Single by Keith Urban

from the album Golden Road
- B-side: "If You Wanna Stay"
- Released: 23 July 2002
- Studio: The Sound Kitchen, Emerald Entertainment (Nashville, Tennessee); Hound's Ear (Franklin, Tennessee);
- Genre: Country rock
- Length: 5:23 (album version); 3:41 (radio edit);
- Label: Capitol Nashville
- Songwriters: John Shanks; Keith Urban;
- Producers: Dann Huff; Keith Urban;

Keith Urban singles chronology
| "Where the Blacktop Ends" (2001) | "Somebody Like You" (2002) | "Raining on Sunday" (2003) |

= Somebody Like You =

2002 single by Keith Urban

"Somebody Like You" is a song co-written and recorded by Australian country music singer Keith Urban. It was released in July 2002 as the first single from his third studio album, Golden Road (2002). The song became Urban's second number-one hit on the US Billboard Hot Country Singles & Tracks chart, spending six weeks at that position. The song also peaked at number 23 on the Billboard Hot 100 and reached number three in Canada. In December 2009, Billboard named the song as the number-one country song of the 2000s decade. In 2003, the song was remixed for the film How to Lose a Guy in 10 Days.

==Content==
"Somebody Like You" is set in common time in the key of E major. The verses use a chord pattern of E-A-E-B-A-E, with a pattern of E-A-E-A-Cm-Fm^{7} on the chorus, and the lead vocal ranges from E_{3} to G_{4}.

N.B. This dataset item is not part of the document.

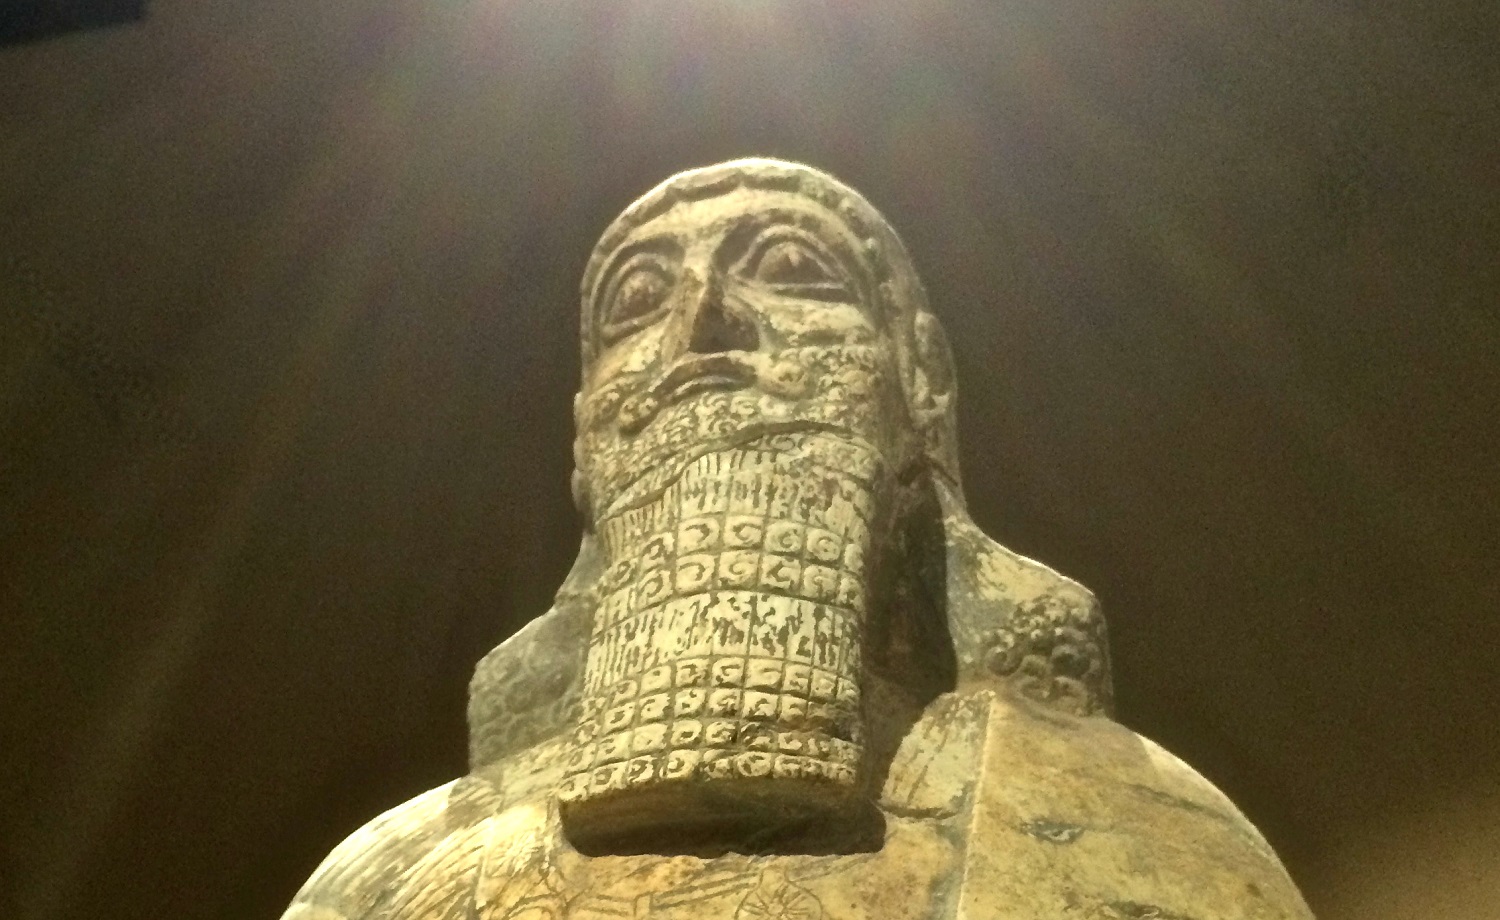 A statue of Shalmaneser, an Assyrian ruler, stolen in 2003 and returned from the US to Iraq (Tom Westcott/MEE)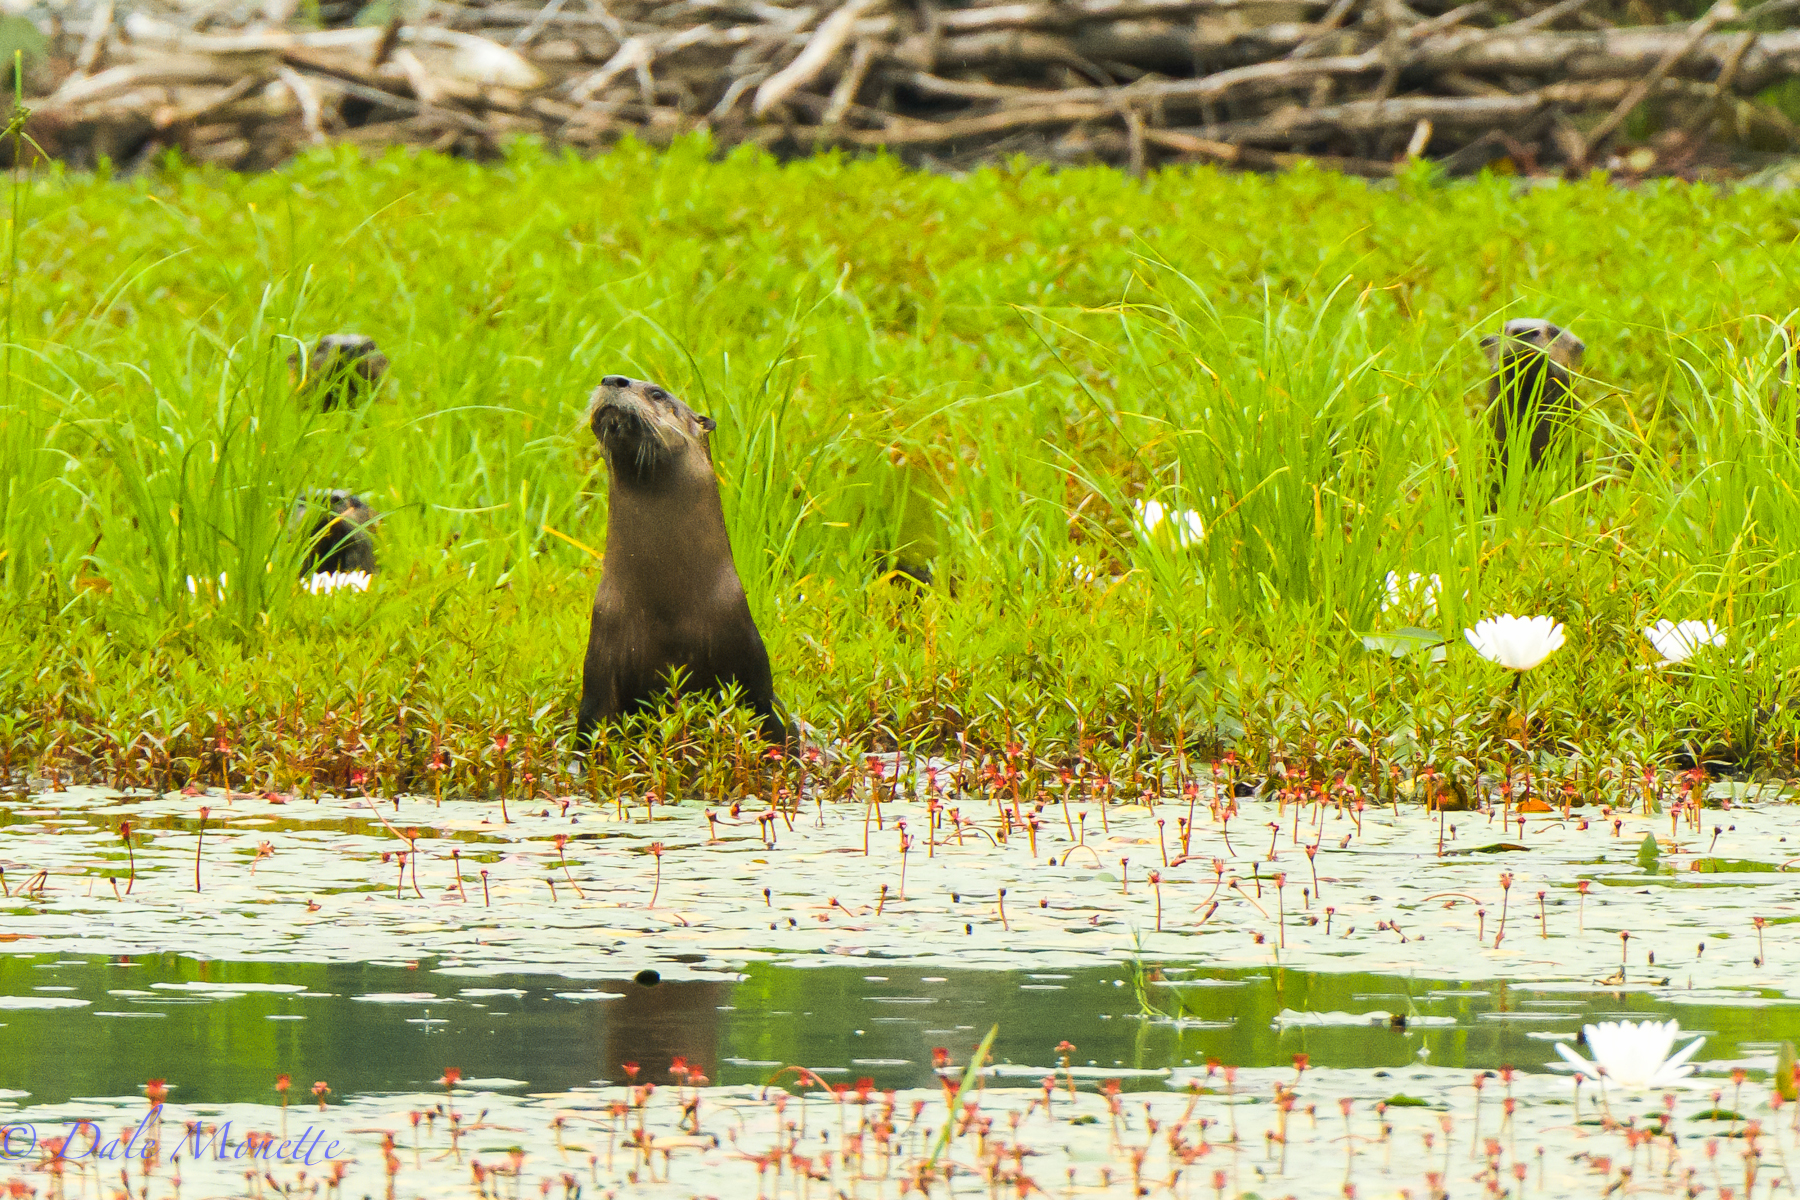   Here is the same adult otter as in the previous photo with three young ones peeking at me from behind in the tall swamp grass.

==Commercial performance==
"Somebody Like You" reached number one on the Billboard Hot Country Singles & Tracks (now the Hot Country Songs) chart dated for the week of 19 October 2002, holding that position for six weeks and spending 41 weeks on that chart. It also reached number 23 on the all-genre Billboard Hot 100 chart. In December 2009, Billboard ranked "Somebody Like You" as the number-one country song for the 2000s decade. The song was certified double platinum by the Recording Industry Association of America (RIAA) on 31 July 2019. As of September 2015, the song has sold 1.05 million copies in the US. Outside the US, "Somebody Like You" peaked at number three on the Canadian Singles Chart and was certified triple platinum in Australia in 2023.

==Music video==
The song's music video was released to Country Music Television (CMT) on 7 August 2002. It was directed by Trey Fanjoy, who also directed the video for Keith Urban's late 2000/early 2001 single "But for the Grace of God".

==Track listings==
Canadian CD single (2002)
1. "Somebody Like You" – 3:53
2. "If You Wanna Stay" – 4:27

European CD single (2005)
1. "Somebody Like You" – 3:57
2. "You Look Good in My Shirt" – 3:47
3. "You Are Not Alone Tonight" (acoustic) – 3:40
4. "Somebody Like You" (Sessions @ AOL performance) – 3:45

==Personnel==
Personnel are lifted from the Golden Road liner notes.
- Keith Urban – lead vocals, background vocals, electric guitar, ganjo, EBow, cardboard box, guitar solo
- Tim Akers – keyboards
- Tom Bukovac – electric guitar
- Dann Huff – electric guitar
- Chris McHugh – drums, percussion
- Jimmie Lee Sloas – bass guitar
- Russell Terrell – background vocals

==Charts==

===Weekly charts===

Weekly chart performance for "Somebody Like You"
| Chart (2002) | Peak position |
|---|---|
| Canada (Nielsen SoundScan) | 3 |
| US Billboard Hot 100 | 23 |
| US Hot Country Songs (Billboard) | 1 |

===Year-end charts===

Year-end chart performance for "Somebody Like You"
| Chart (2002) | Position |
|---|---|
| Canada (Nielsen SoundScan) | 36 |
| US Hot Country Singles & Tracks (Billboard) | 14 |

| Chart (2003) | Position |
|---|---|
| US Hot Country Singles & Tracks (Billboard) | 34 |

==Certifications and sales==

| Region | Certification | Certified units/sales |
| Australia (ARIA) | 4× Platinum | 280,000^{‡} |
| New Zealand (RMNZ) | Platinum | 30,000^{‡} |
| United Kingdom (BPI) | Silver | 200,000^{‡} |
| United States (RIAA) | 3× Platinum | 1,050,000 |
^{‡} Sales+streaming figures based on certification alone.